Слава несколько изменила только внешние привычки Тальма. Если раньше друзьям, приходившим к нему ночевать, приходилось застилать постель скатертями, то теперь Тальма зажил шире, обставил квартиру мебелью по старинным рисункам, стал делать долги, которые, правда, старательно записывал. Женщины всегда мало интересовали его, «мужские» разговоры он не поддерживал, за что получил от актеров прозвище «девственный Ипполит» [103]. В молодости ему случилось провести шесть месяцев в обществе молодой англичанки, которая ни разу не смогла упрекнуть его в том, в чем обычно принято упрекать французов. Он был женат дважды (с первой женой его заставил расстаться Наполеон, почему-то не выносивший ее), и оба раза женщинам, чтобы услышать от него предложение, приходилось брать инициативу в свои руки.

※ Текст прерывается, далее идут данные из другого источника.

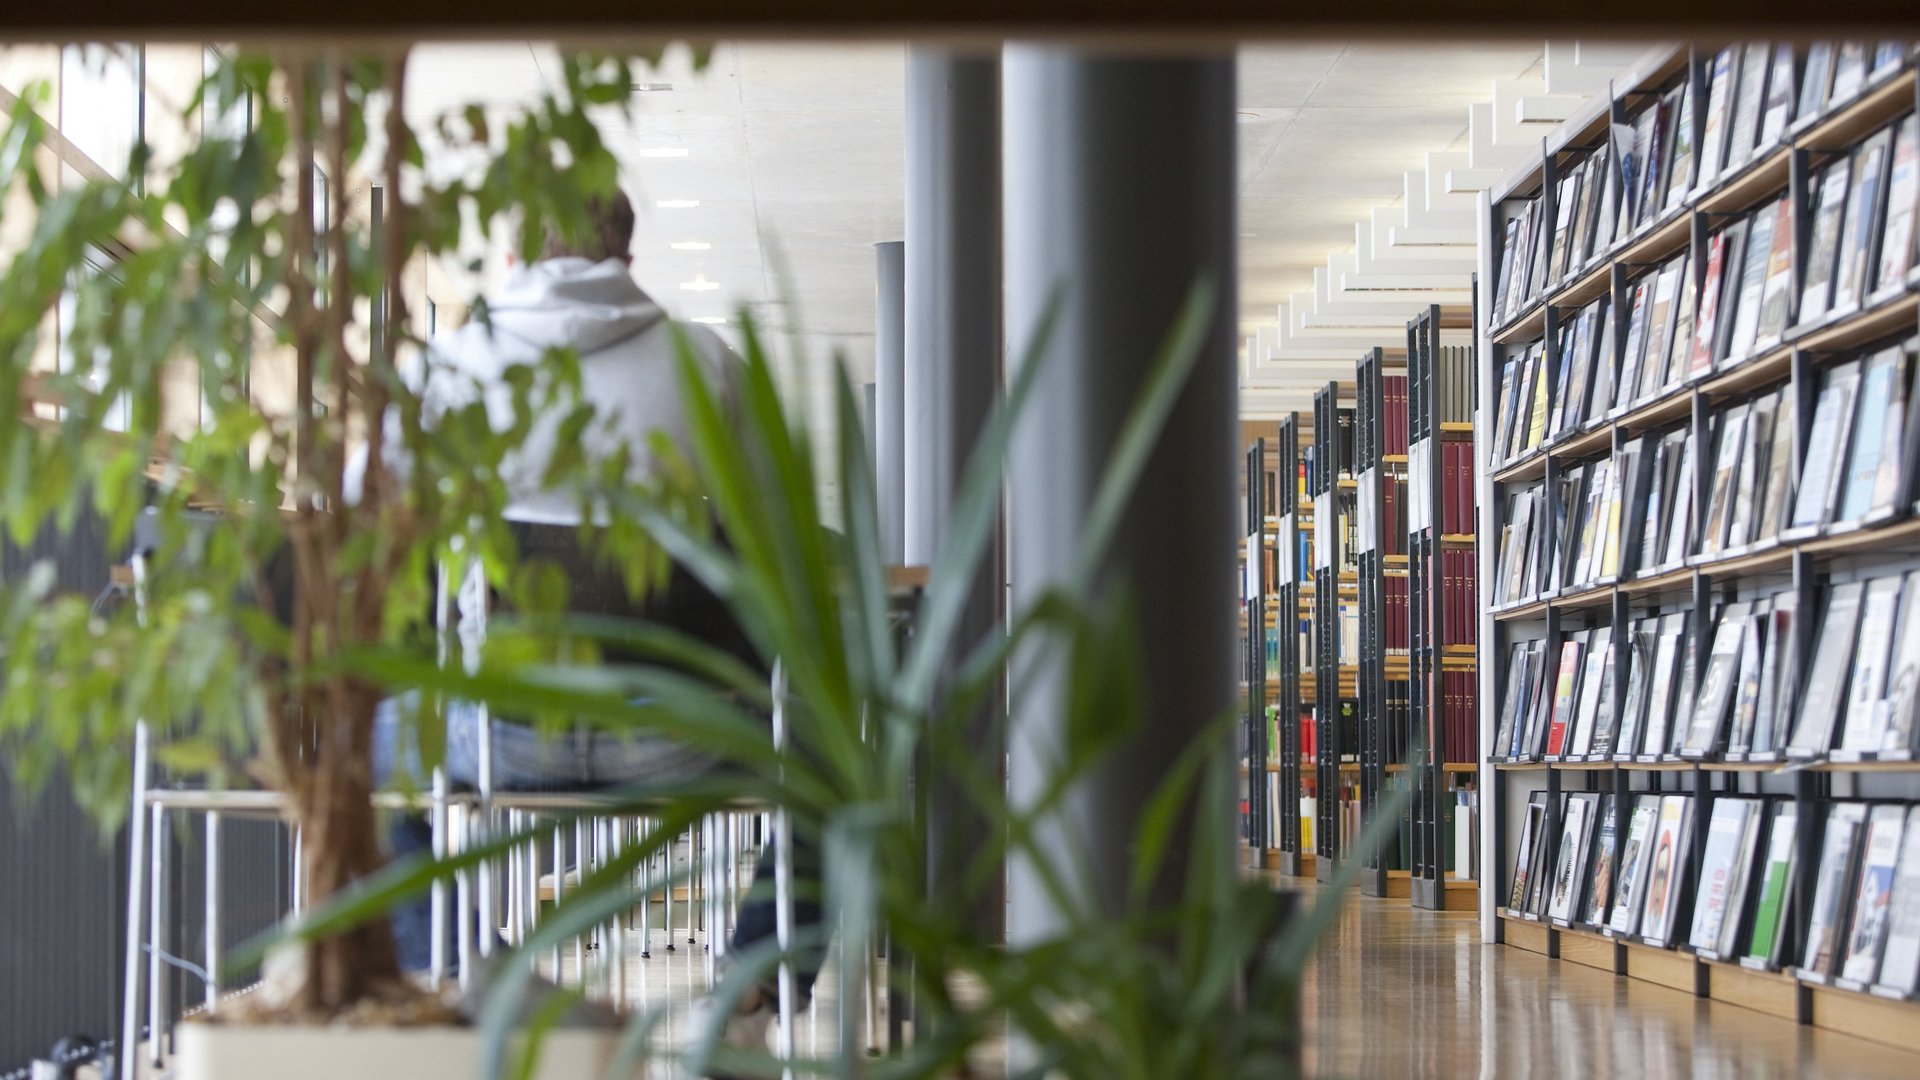 Bücherregale und Pflanzen in der Bibliothek

По существу, Тальма был одинок, что, впрочем, по отношению к гению можно и не уточнять. Его вторая жена оставила следующий набросок внутреннего мира великого актера; скупость и сухость этой зарисовки говорят сами за себя: «Тальма родился чувствительным, но чувство надо было в нем разбудить. Он легко забывал самое для него дорогое, если оно было вдали от него. Занятый личными переживаниями, он мало обращал внимания на внешний мир, мало вникал в жизнь. Он мог засыпать, когда хотел, и спал часто и долго. Утомленный внутренней мучительной работой, он отвлекался от нее, уходя в себя. Мягкий и спокойный разговор мало привлекал его. Ему нужен был страстный, живой, возбужденный спор: тогда он выходил из обычного спокойствия, и с пылом, поражавшим окружающих, защищал свое мнение, которое, быть может, не всегда было правильным, но никогда не было лишено оригинальности и остроты. Многие его взгляды считались дикими, словно этот человек жил вдали от людей и их обычаев».

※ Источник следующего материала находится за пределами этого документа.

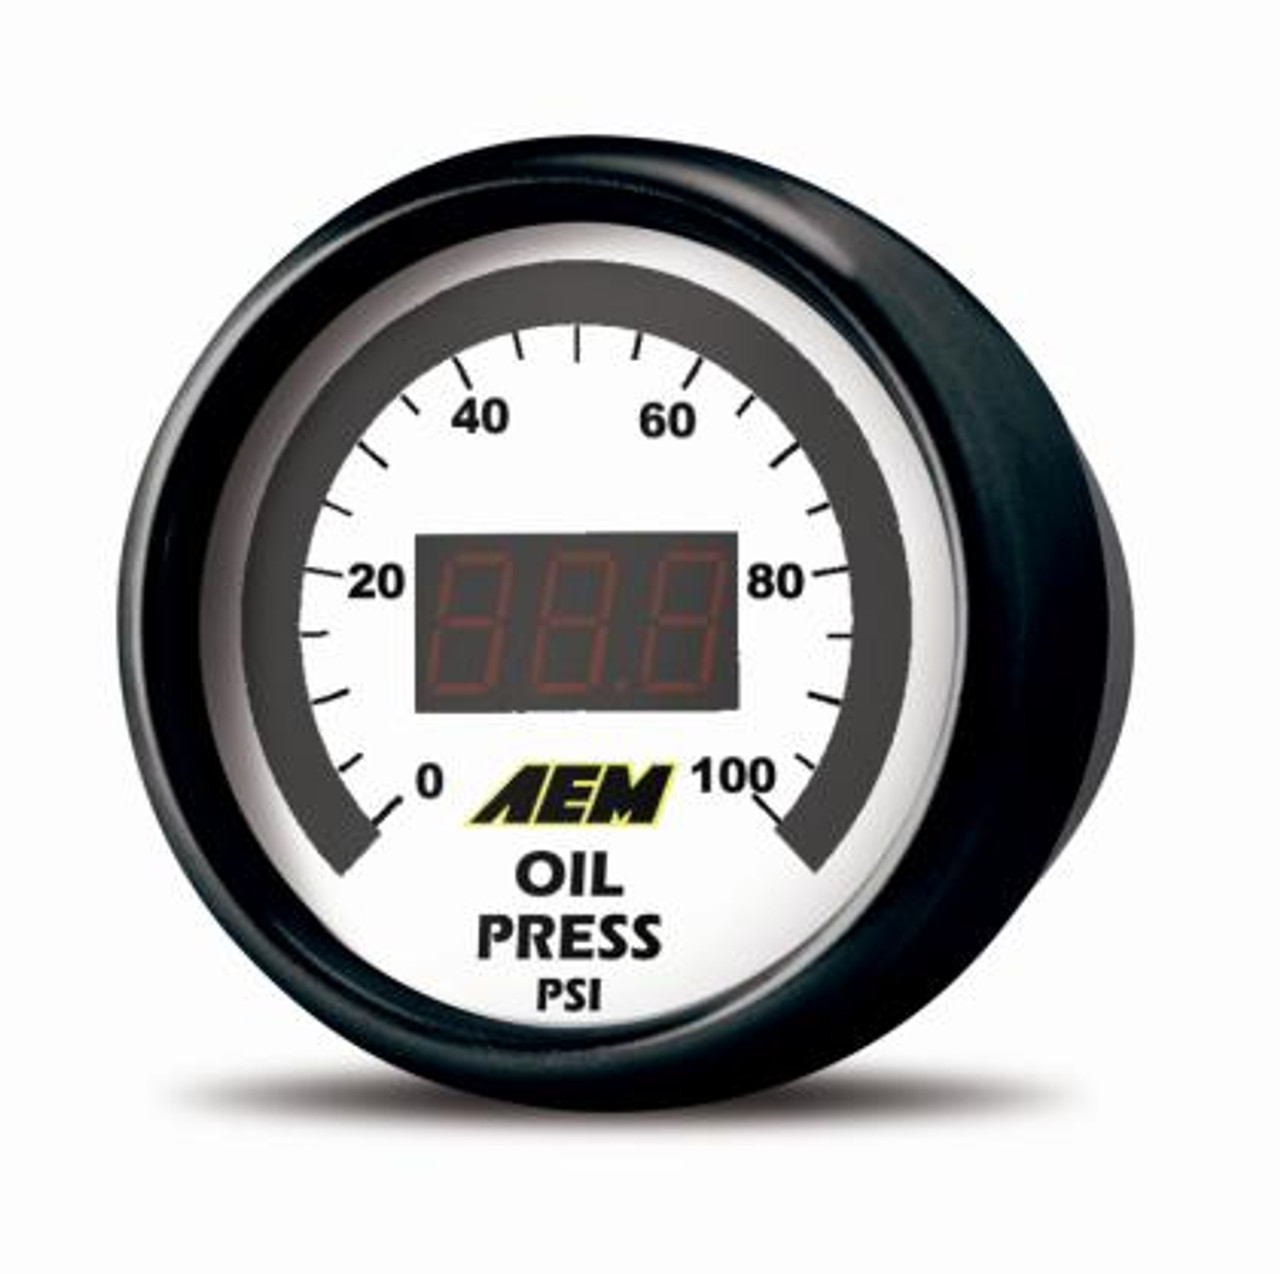 AEM 52mm Pressure (Oil or Fuel) Digital Gauge

Как он относился к своему положению придворного актера? Смущало ли оно его, мешало ли ему? Был только один случай, когда Тальма захотел подчеркнуть свою независимость, — после коронации Наполеона он некоторое время перестал бывать во дворце, объяснив друзьям, что теперь между Французской Комедией и Тюильри слишком большое расстояние. Император, которому передали эти слова, нахмурил брови:
— Не понимаю, за что Тальма дуется на меня?
На другой день Тальма был в Тюильри.
Разворачивать этот случай в обширные размышления на тему «Художник и власть» вряд ли имеет смысл. Повиновение не есть раболепие; свобода художника давно определена поэтом и проявляется, так или иначе, в каждой конкретной судьбе:
… Зависеть от царя, зависеть от народа —
Не все ли нам равно? Бог с ними.
Никому
Отчета не давать, себе лишь самому
Служить и угождать; для власти, для ливреи
Не гнуть ни совести, ни помыслов, ни шеи… [104].

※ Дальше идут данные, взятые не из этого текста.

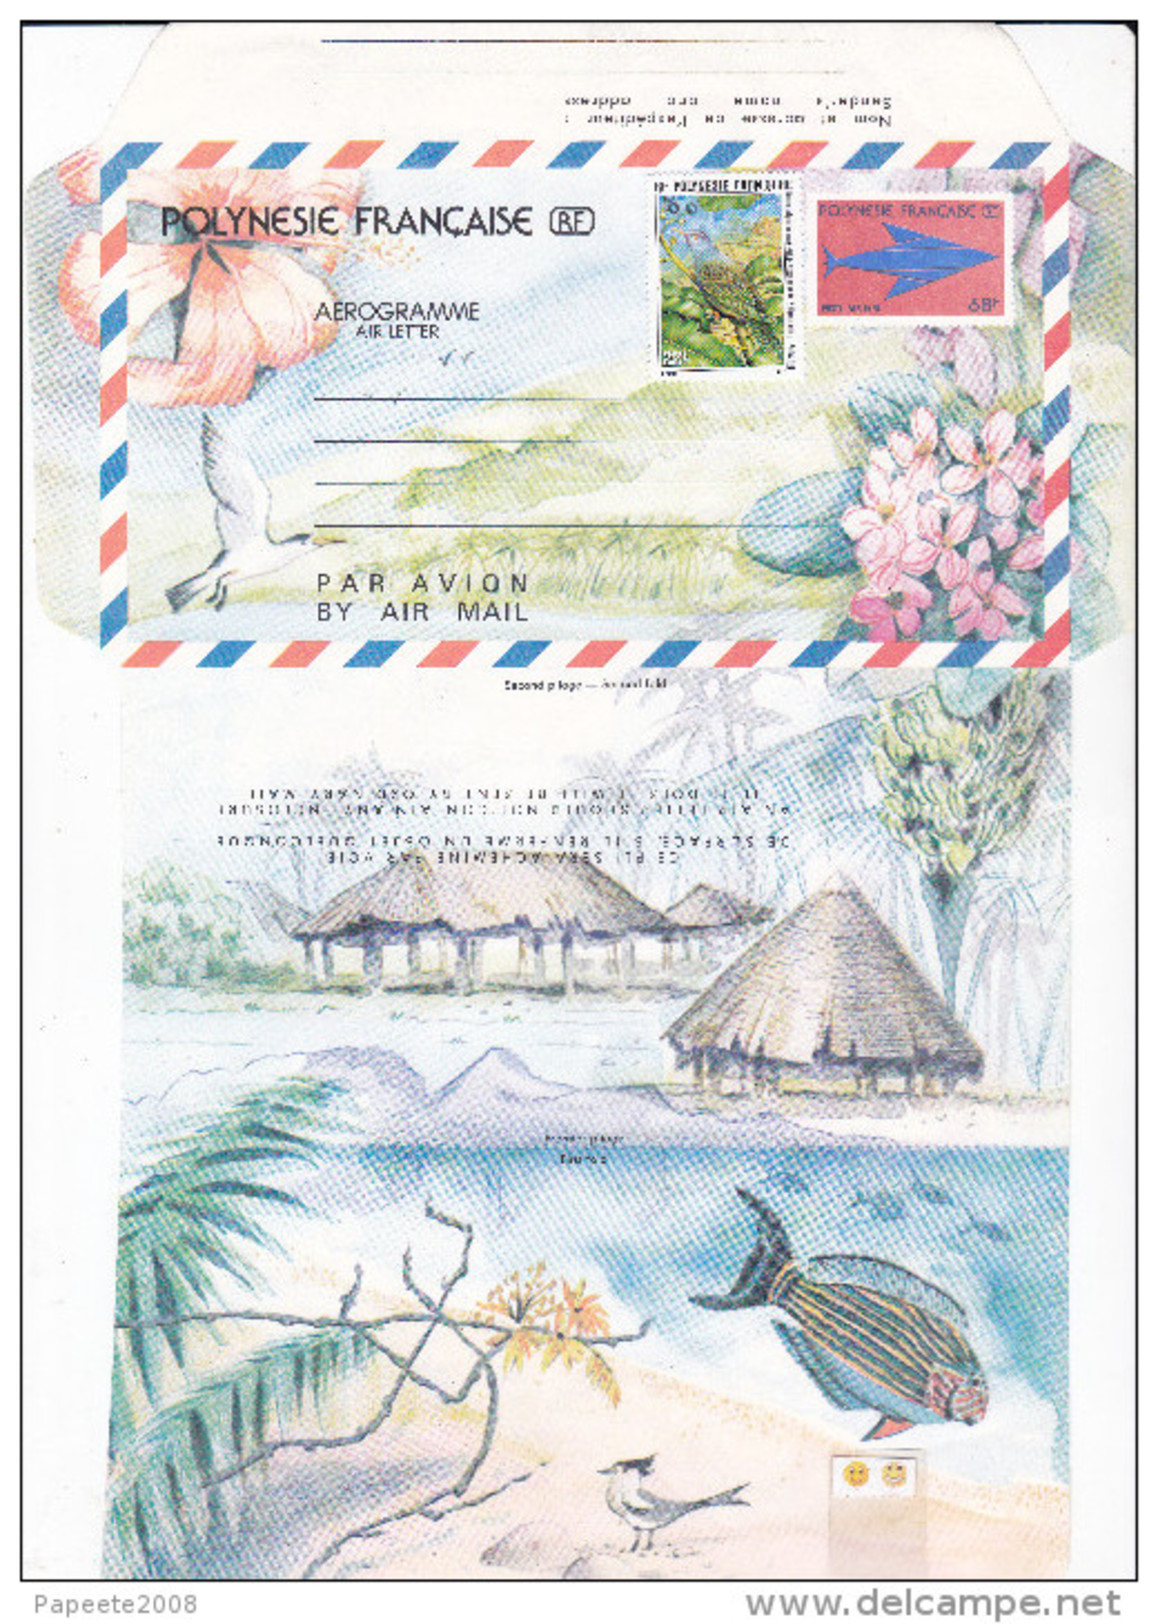 Polynesie Française / Tahiti - Aérogramme à 68 F CFP - 1988 - Neuf / Surchargé à 100 F - Aérogrammes

Эту свободу знал и Тальма. Его искусство не служило никому, кроме его гения. Мысль об угождении кому-либо была ему противна; подачки всякого рода счастливо миновали его. Наполеон одно время хотел пожаловать ему орден Почетного легиона, но не решился раздражать общественное мнение, все еще строгое по отношению к артистам.